Download this little utility from Gibson Research: https://www.grc.com/securable.htm.  It will tell you if your processor supports virtualization or not.


----------



## multi-tasker-X (Aug 27, 2017)

I don't have any os installed on the desktop in question, 

so i can't install that

i looked online:
http://ark.intel.com/products/79049/Intel-Pentium-Processor-N3520-2M-Cache-up-to-2_42-GHz

It says it supports this:
Intel® Virtualization Technology (VT-x) ‡

so it does support it?, so it must be the motherboard?


----------



## multi-tasker-X (Aug 27, 2017)

ok i made a mistake, the m5800 does not have the the :  Intel Pentium CPU N3520


It has a:
Intel Core 2 Quad Q8200 @ 2.33Ghz 

and in the specs it says:
Intel® Turbo Boost Technology ‡ No
Intel® Hyper-Threading Technology ‡ No
Intel® Virtualization Technology (VT-x) ‡ No

http://ark.intel.com/products/36547/Intel-Core2-Quad-Processor-Q8200-4M-Cache-2_33-GHz-1333-MHz-FSB


so its the processor that does not support vt-x, although the motherboard may not too, but it doesn't matter now, 
so sad! waste of a good computer, 

problem solved!


----------



## beers (Aug 27, 2017)

You can still use virtualization on cpus that don't have those extensions, it will just perform to a lesser degree.

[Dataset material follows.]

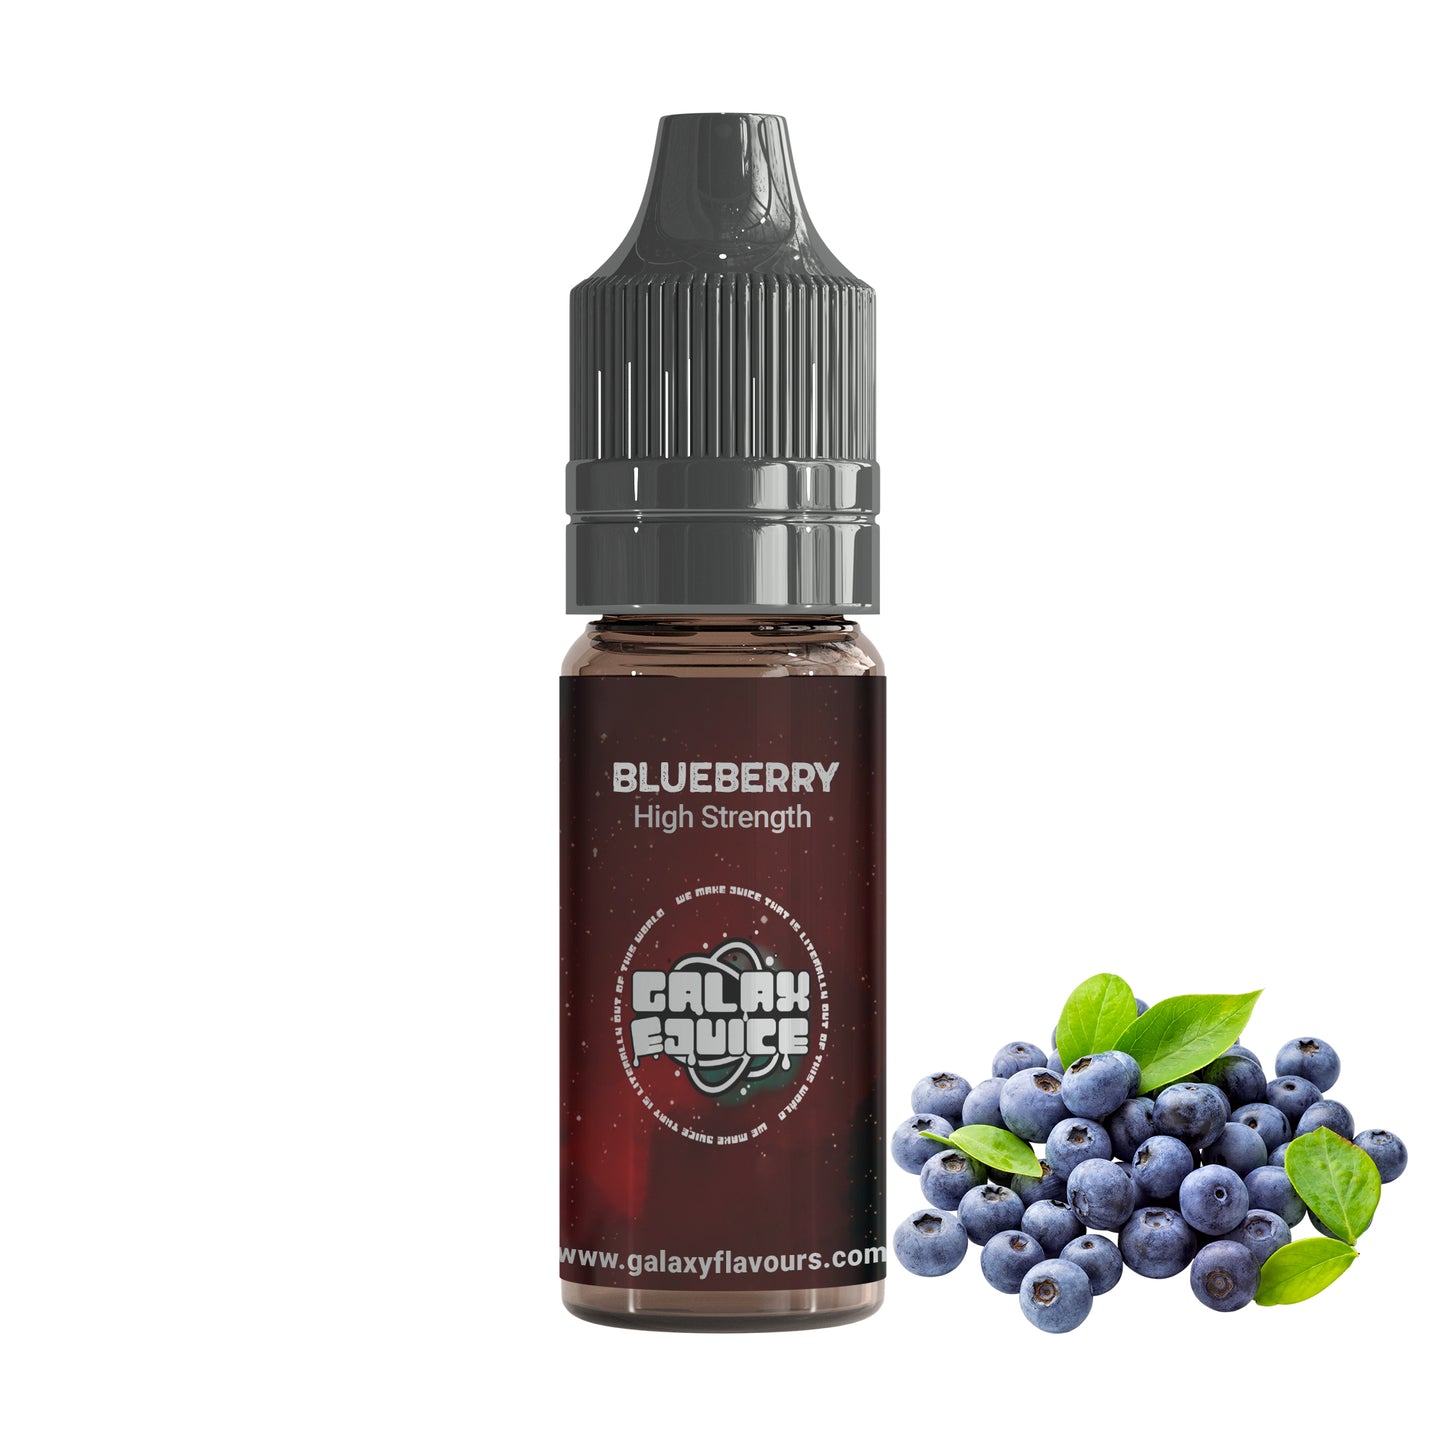 Blueberry High Strength Professional Flavouring.

You might have to find older versions of the software that don't force you to have virtualization extensions.  VM products like VMware and QEMU were definitely around before those CPU instruction sets were implemented.


----------



## Jiniix (Aug 31, 2017)

I've run VirtualBox on a Q6600 + G31M-S2L (low end motherboard) before. As beers say, it will just perform a bit worse.


----------



## multi-tasker-X (Aug 31, 2017)

but the difference is, your Q6600 supports vt-x and mine processor doesn't


----------



## beers (Sep 1, 2017)

I've run VMware on a T5500 Merom that doesn't have those extensions.


----------



## Jiniix (Sep 1, 2017)

Fair point, should've mentioned it was stuck on a modded BIOS for E5450 Xeon support and VT-x isn't enabled, ironically


----------



## multi-tasker-X (Sep 1, 2017)

I haven't tried vmware,  its not free, 

i am using virtualbox


----------



## beers (Sep 2, 2017)

VMware player is free, although just allows you one concurrent vm.


----------



## multi-tasker-X (Sep 2, 2017)

that's great, 

i will give it a shot, i only need 1 vm(a centos server vm)


----------



## strollin (Sep 2, 2017)

VMWare Workstation Player is free for non-commercial use and allows multiple concurrent VMs.  The limitation is the cpu and RAM of the host system that determines how many concurrent VMs can be run.


----------